Playhouse Assistant Artistic Director Liam Lonegan will lead the discussion with Neelu Shruti, about her research and article “BIRTH JUSTICE DENIED: The Continued Marginalization of Community Birth Settings and Midwives …”

Recording available shortly. (Previously scheduled for October 25 post-play dialogue.)

 

Neelu Shruti is the founder of Love Child; specializes in Fertility, Prenatal, Postnatal and Baby & Me Yoga; and is an RN, Full-Spectrum Doula, Breastfeeding Counselor and Midwifery Assistant in NYC and a Midwifery student at Jefferson University. Born in Hyderabad, India, she was fortunate to be introduced to yoga while attending Rishi Valley, a boarding school founded by the philosopher J. Krishnamurti.
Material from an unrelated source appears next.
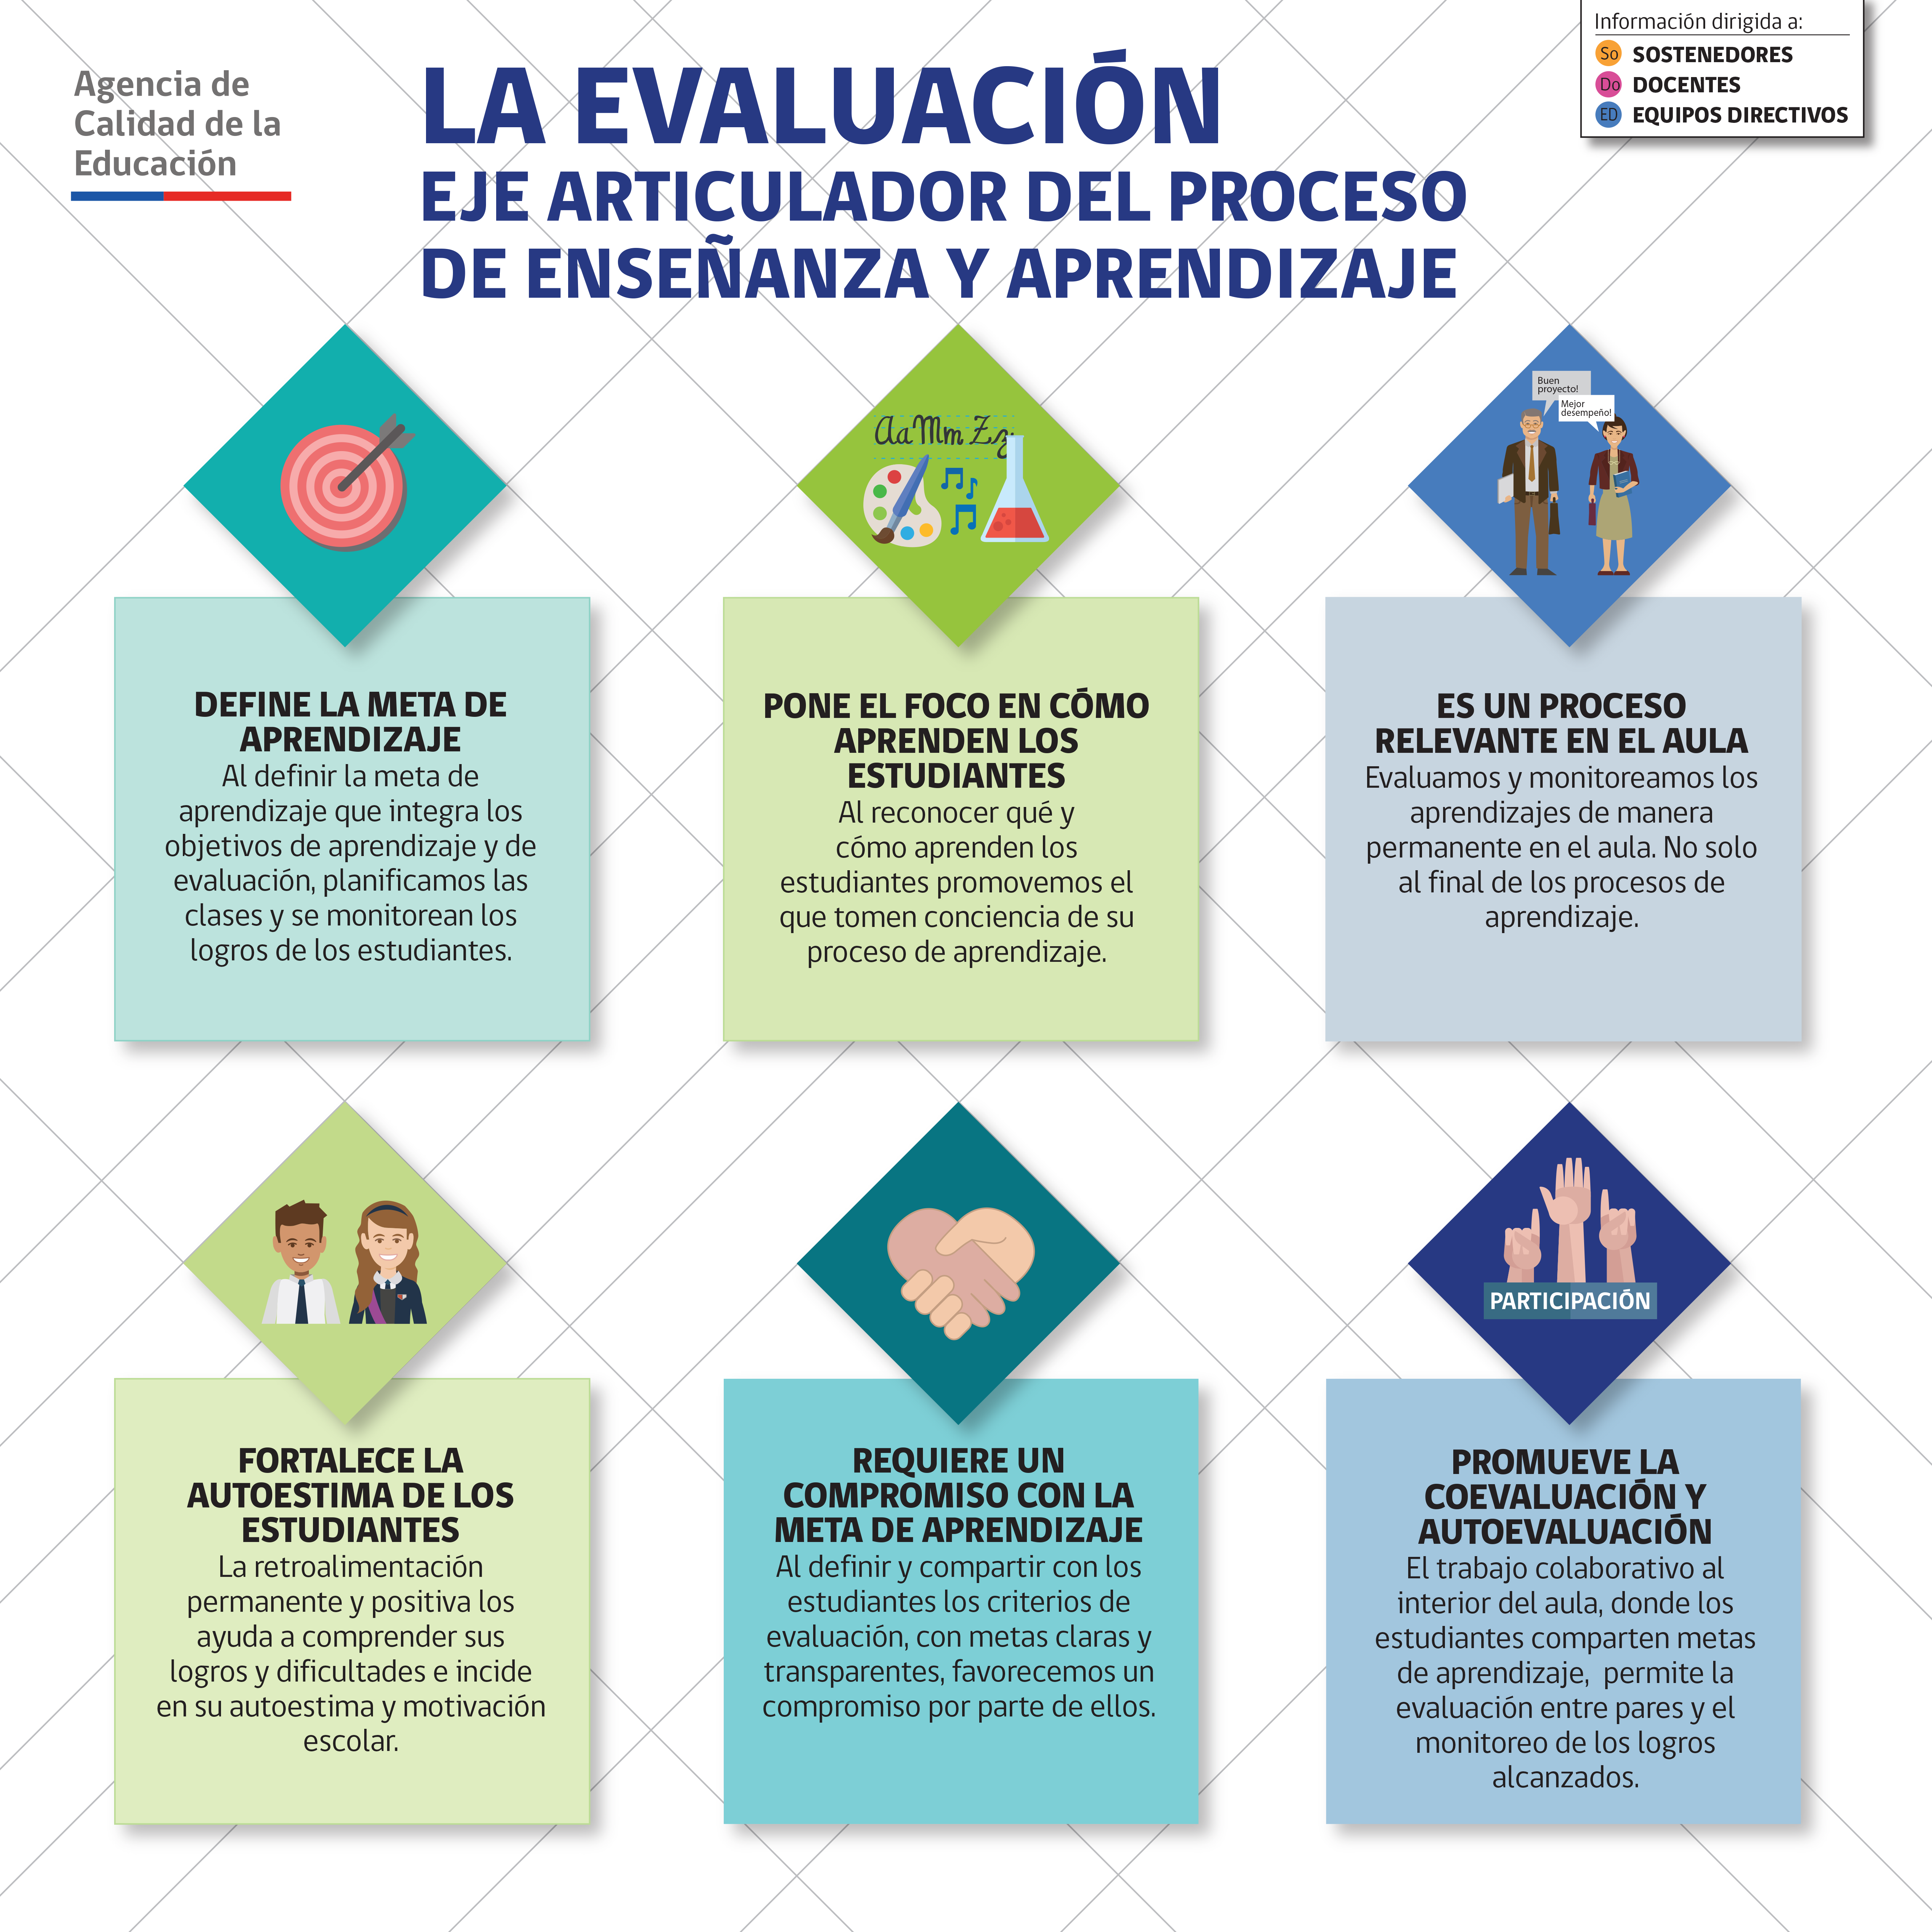 a356e5fa9 Infografías - Agencia de Calidad de la Educación

Neelu moved to the US in 2003 to pursue an architecture degree at the University of Texas at Austin and to NYC in 2007 where she worked at several high-profile architecture firms. Teaching yoga on the side, and seeing the impact she was having as a pre/postnatal yoga teacher and doula, in 2015, she quit her day job, founded Love Child – a support space for expecting and new parents – and has never looked back. During the COVID-19 pandemic, Neelu has worked to open a birth center in NYC; additionally, as a grassroots advocate – working with elected officials in NYC, NYS, and the NY Governor’s office, and local and national birth and midwifery advocacy organizations – she has pushed to eliminate legislative barriers for community midwifery and birth centers in New York State. She is the founder of New York Birth Policy Project to advance maternal health legislation policies in NYC & NYS. Her writing, highlighting the historical marginalization of community birth and midwives, has been published in The Indypendent and Yale University’s Distilled periodical.

Liam Lonegan (Assistant Artistic Director, Westport Country Playhouse) Before founding Egg & Spoon Theatre Collective in 2017, Liam (he/him) received his BFA from Syracuse University, where he was the Managing Director of Black Box Players while directing and assisting on numerous productions. Most recently he co-directed The Rats and directed The Killer for Egg & Spoon’s second season. Other assisting credits include Fiorello! (Off-Broadway, dir. Bob Moss); In the Heights (dir. Marcos Santana); Man of La Mancha (dir. Mark Lamos); and Thousand Pines (dir. Austin Pendleton). He is currently the Assistant Artistic Director at Westport Country Playhouse, and an Associate Member of the Stage Directors and Choreographers Society.

“This play is a testament to the bold black women born out of the south. A proclamation about the revolutionary petunias like Dr. Holland who were planted in the rich soil and rose From the Mississippi Delta.”